Nossos grupos Célula Comunista, Cineclube Baixa Augusta e Fórum Rodamundo Mudar São Paulo sediam-se e reúnem-se há mais de 5 anos no olho do furacão dessas manifestações, a região da Paulista e Baixa Augusta.
 
Na quinta-feira passada, o Espaço Itaú de Cinema da rua Augusta, tradicional ponto de encontro nosso e de uma verdadeira massa de jovens, foi alvo do vandalismo da Polícía Militar.

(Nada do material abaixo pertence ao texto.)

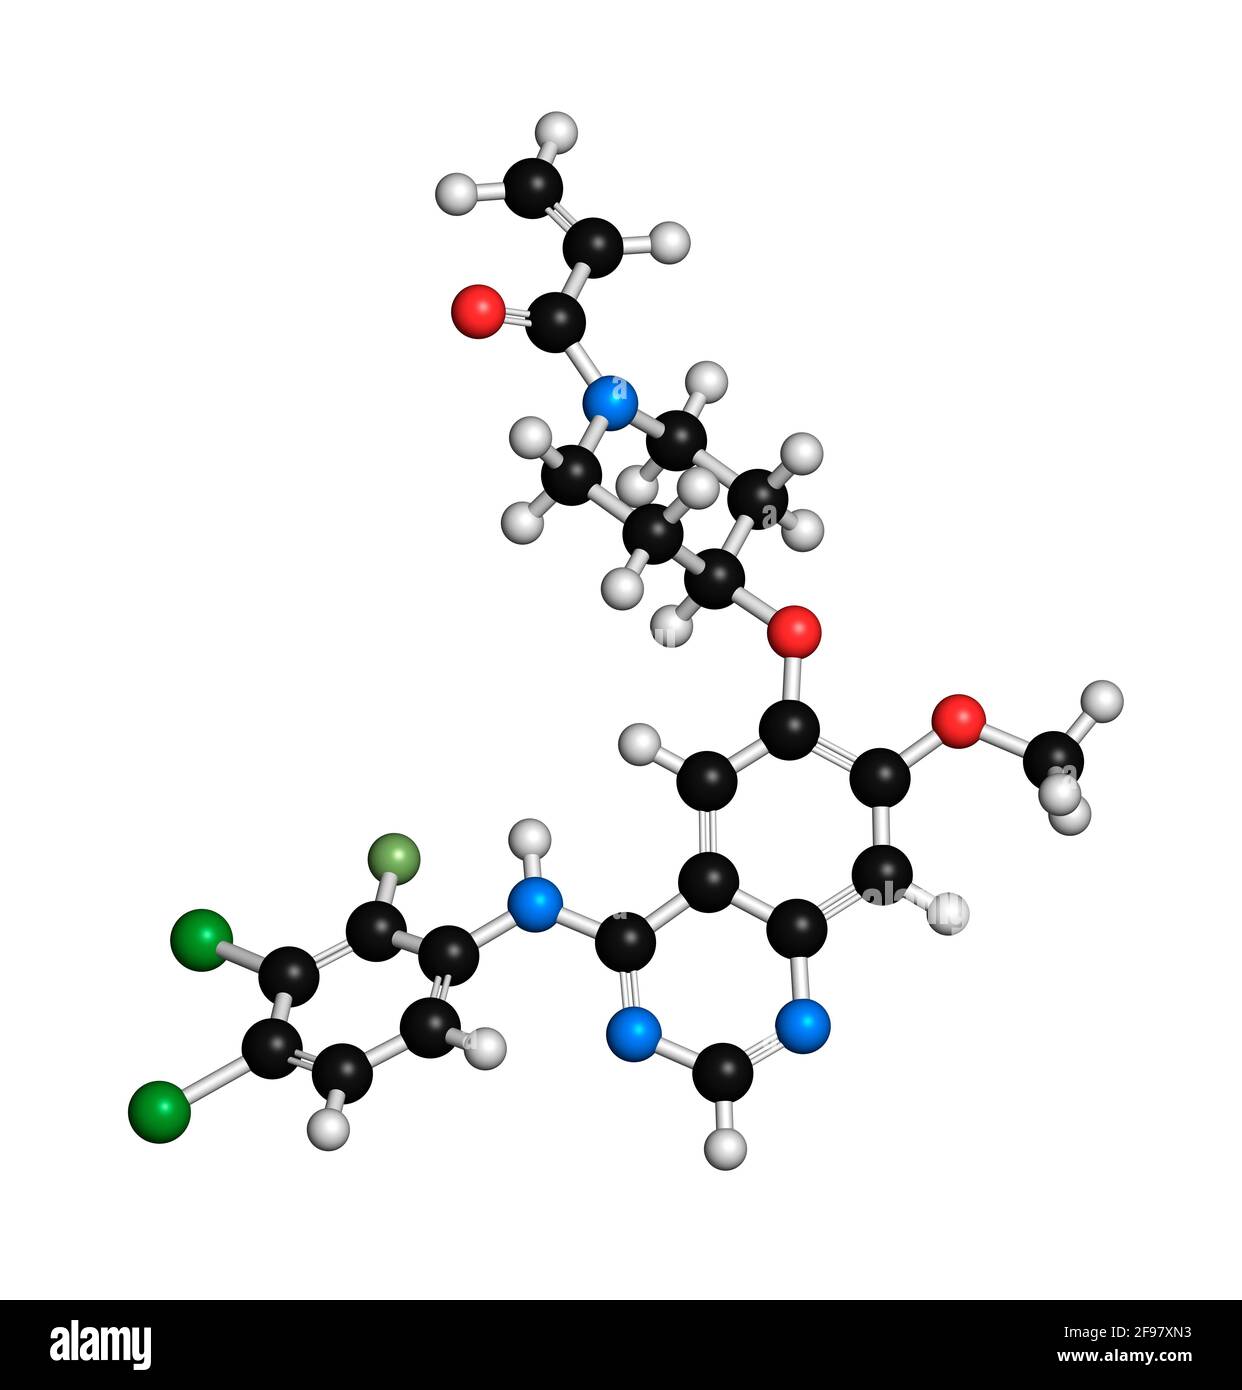 Poziotinib cancer drug molecule, illustration Stock Photo
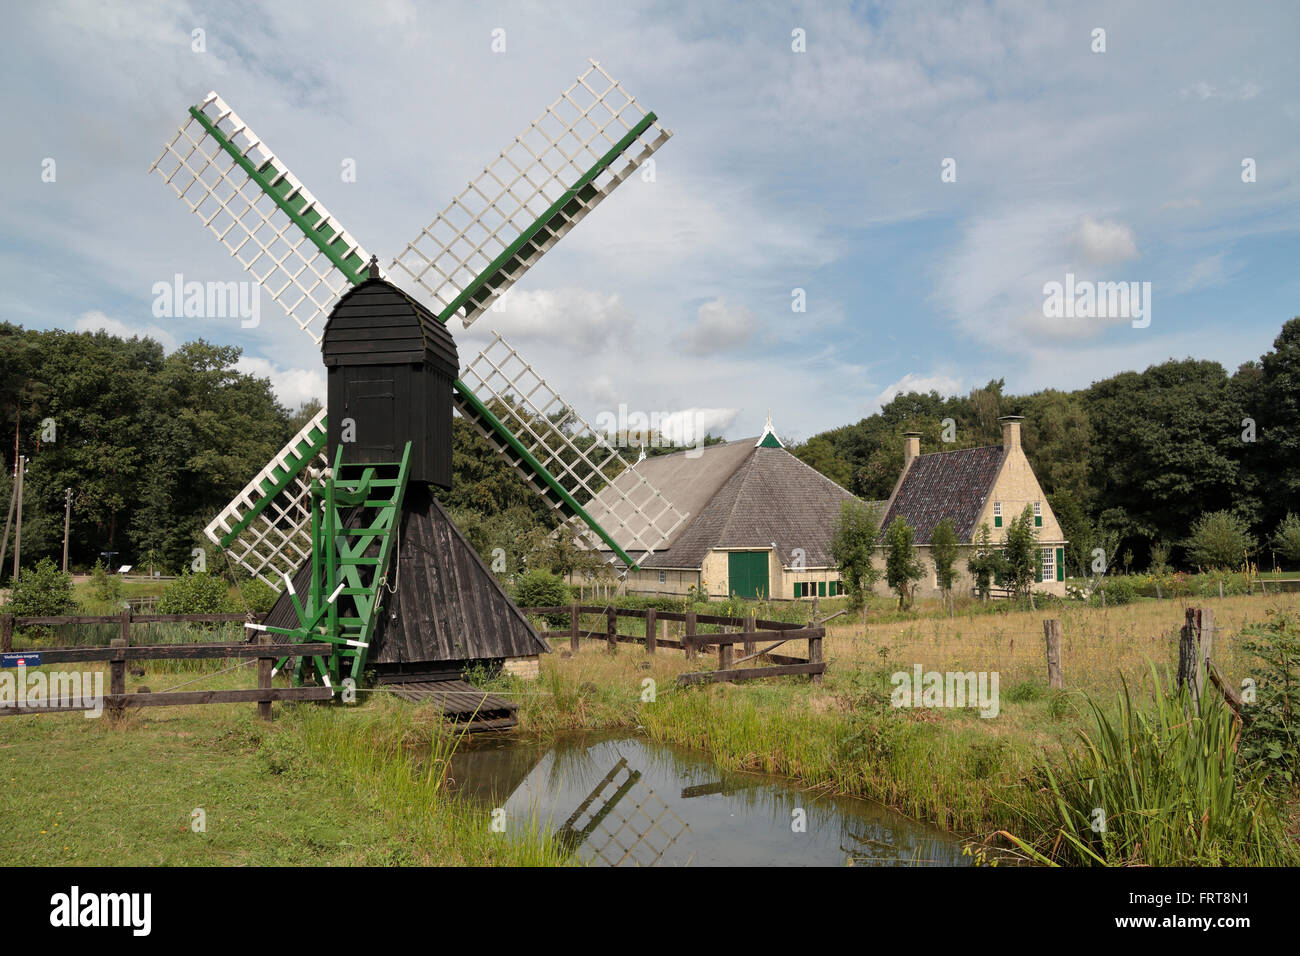 A wind-driven drainage mill from Gorredijk in the Netherlands Open Air Museum (Nederlands Openluchtmuseum), Arnhem, Netherlands. Stock Photo

Fechado mais cedo para evitar expor seus frequentadores e funcionários a possíveis riscos, o Espaço, de portas fechadas, quando a rua se encontrava vazia, foi alvo de bombardeio indiscriminado de gás lacrimogênio. Para não se intoxicarem, os funcionários tiveram de se abrigar no fundo do cinema, até que houvesse condições para saírem em segurança. Todavia, até 23,30h as bombas continuavam na rua  VAZIA!
A mesma violência absurda empregada na suspeitíssima operação Castelinho  e na desocupação violentíssima do Pinheirinho ganhou agora a vitrine da avenida Paulista, famosa menos por seus hospitais, como argumenta farisaicamente o governador, e mais por sediar a  elite financeira do país, que não suporta ver sua passarela profanada por gente que anda de ônibus, metrô e trem superlotados, pródigos pela péssima qualidade e pela panes diárias e até horárias.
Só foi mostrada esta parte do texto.